Nishikawa’s winding filament hypothesis solves this problem by including another protein in the equation: titin. When titin is factored in, muscle force output can be accurately predicted. When this force can be predicted, the fields of medicine, bioengineering, and robotics can be drastically advanced.

The implications

Nishikawa is very optimistic about the uses of her research. One of her team’s primary goals is to create a motor that will make prosthetic devices move more like real limbs.

Current motorized prostheses are controlled by computer algorithms that are more robotic than biological. Nishikawa believes a muscle-like actuator will make it easier for disabled patients to adapt to prosthetic limbs. Additionally, prostheses used to enhance able-bodied people, such as soldiers on a battlefield, will be more intuitive.

“Our brains expect our bodies to be moved by muscles, not by motors, so theoretically the prosthetics will be easier to learn how to use,” Nishikawa explains.

She also believes that a better understanding of muscles could help treat neuromuscular diseases.

“Symptoms of diseases like Parkinson’s are caused by the interaction between the nerve and the muscle,” she says. “If we can better understand what a muscle does when the nerve is activated, then we could also create therapies to alleviate those symptoms.”

The investment

Nishikawa’s groundbreaking research was recognized by the W.M. Keck Foundation, who awarded her a highly prestigious $1 million dollar grant. These grants are endowed to only the most innovative researchers in medicine, science, and engineering—only six institutions received grants in the medical research category in 2014. Nishikawa and her team were honored to be chosen for awards.
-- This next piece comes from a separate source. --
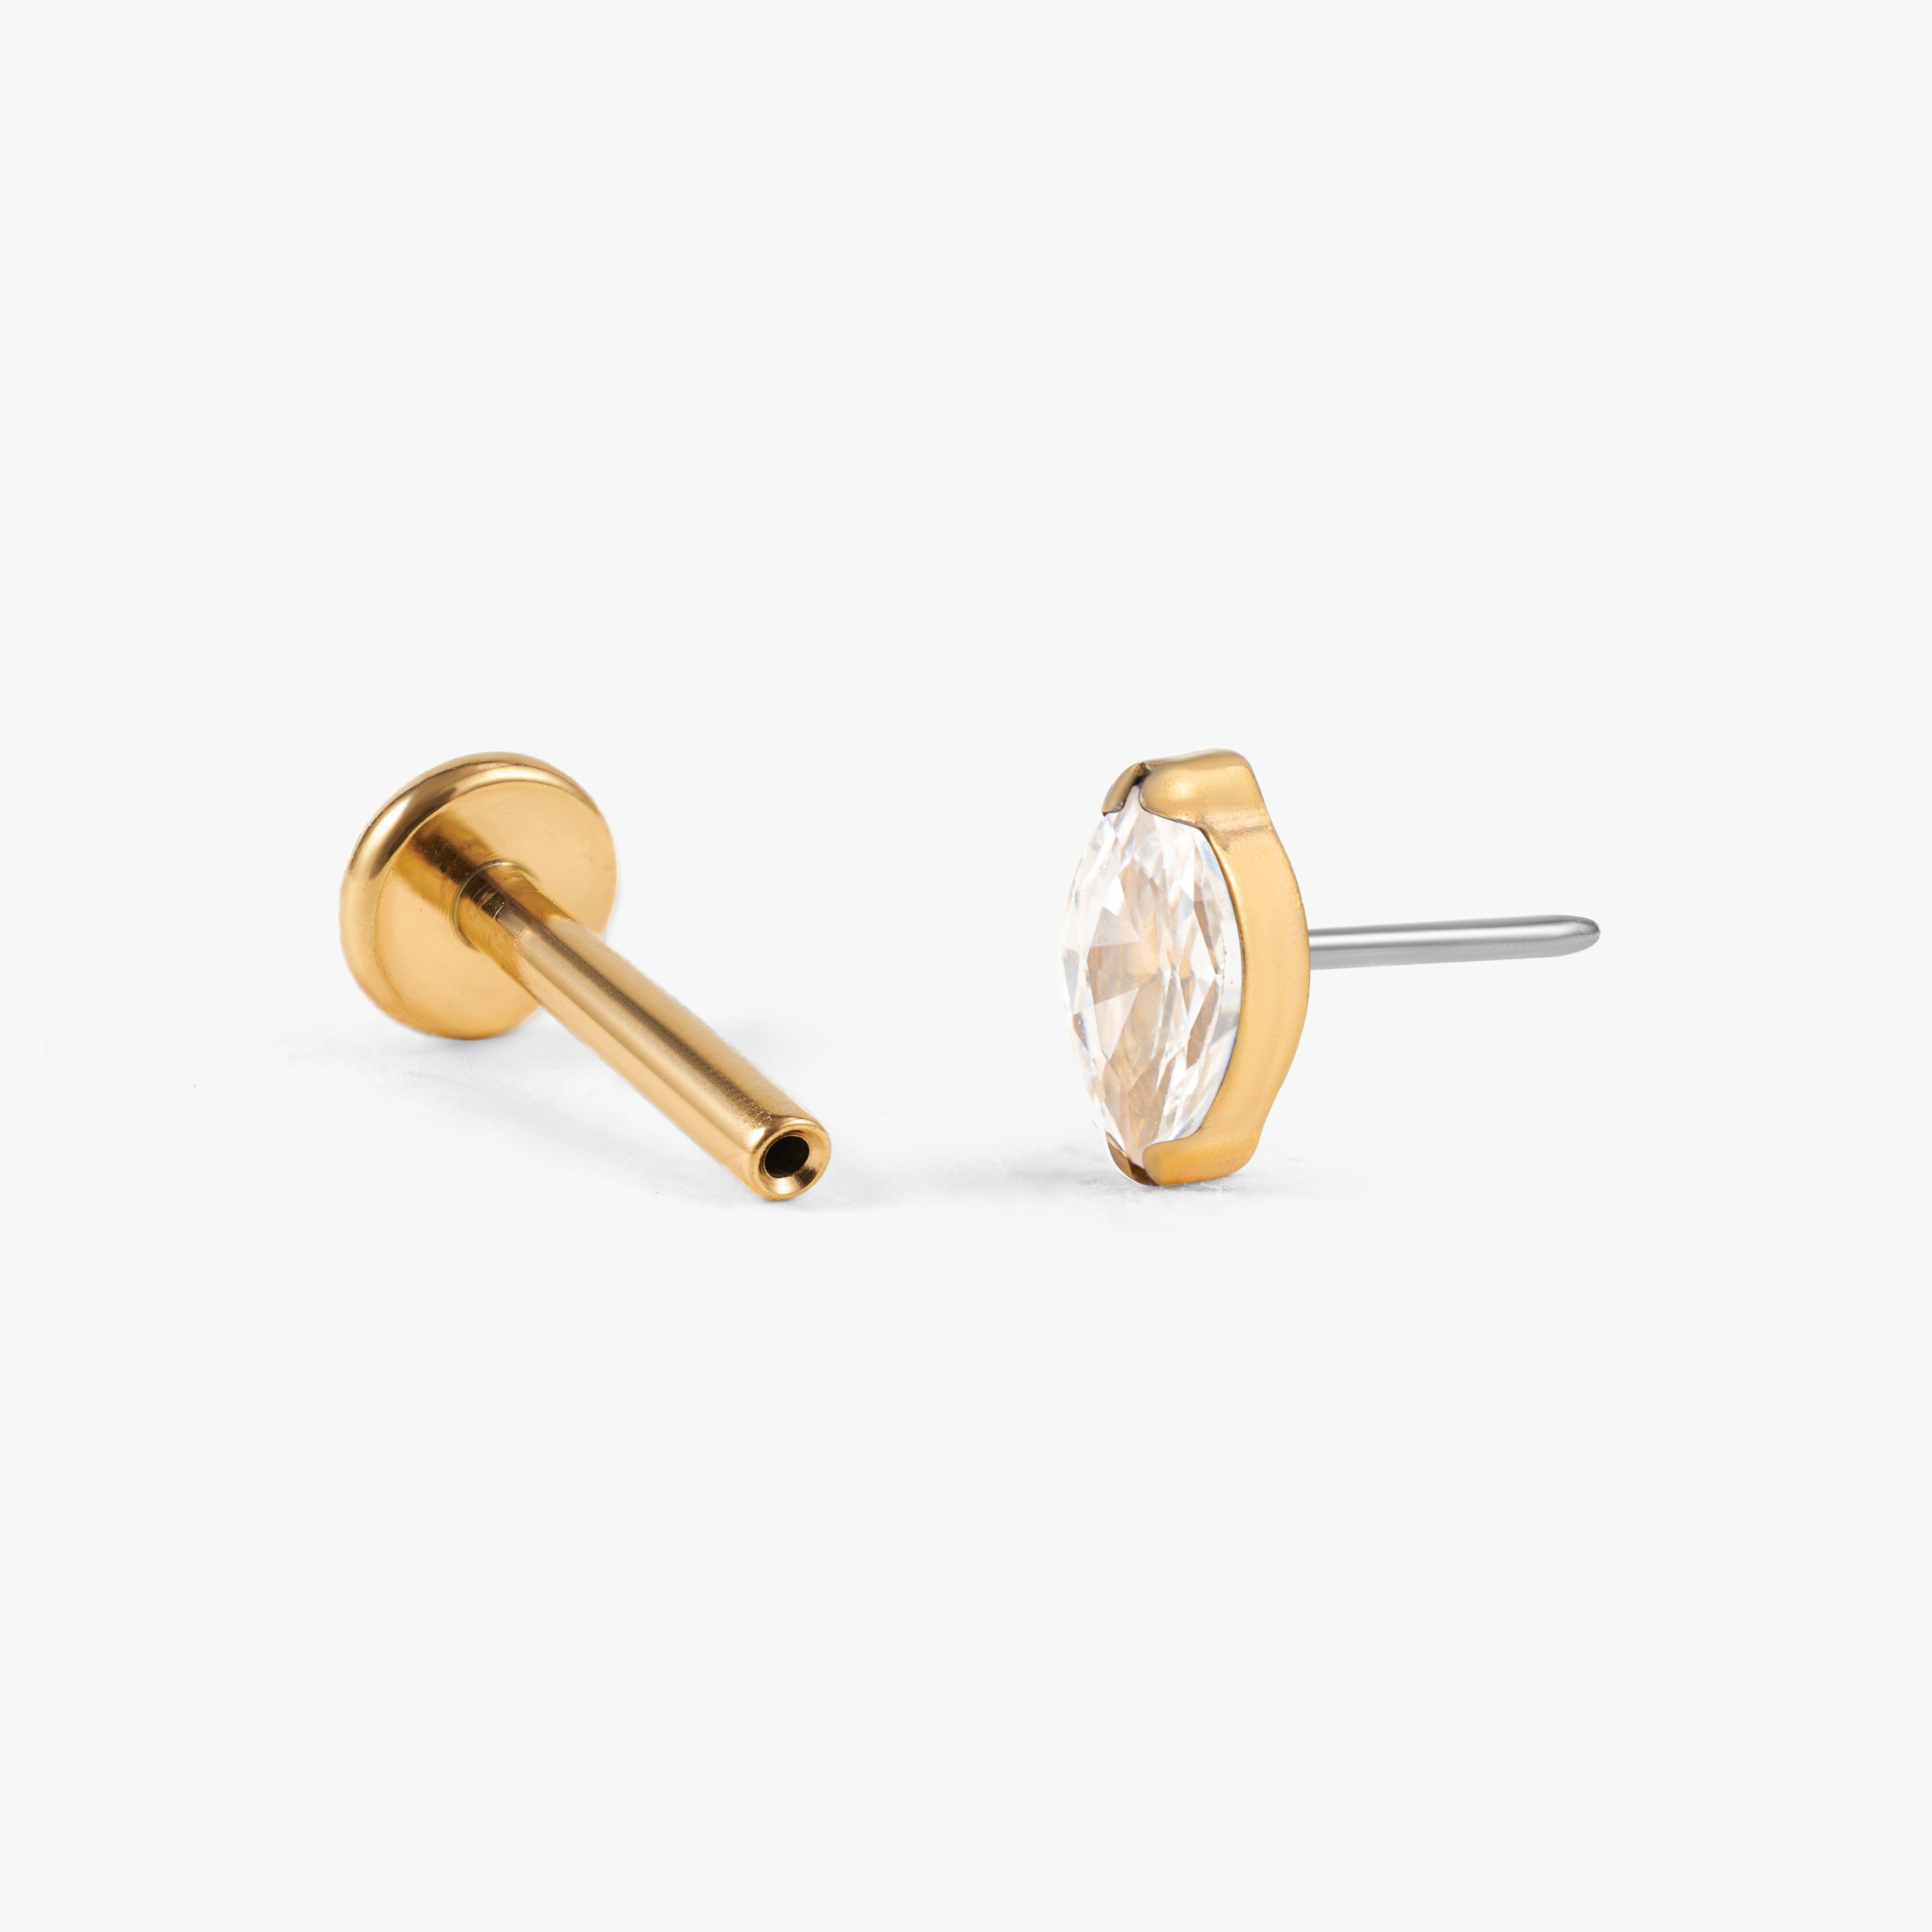 Zirca / Black x Gold | Stud earrings for men, Gold earrings for men,  Diamond studs for men

The university will benefit from this grant long after Nishikawa has completed her research. The money is being spent on new, state-of-the-art technologies that will advance scientific inquiries at the university, including an atomic force microscope and updates to an electron microscope. Nishikawa believes these technologies will ultimately benefit students by offering expanded research opportunities and attracting more world-class faculty.

“With this new equipment, we’ll support younger faculty and their efforts to perform cutting-edge research with students at NAU,” Nishikawa says. “My research is only the beginning.”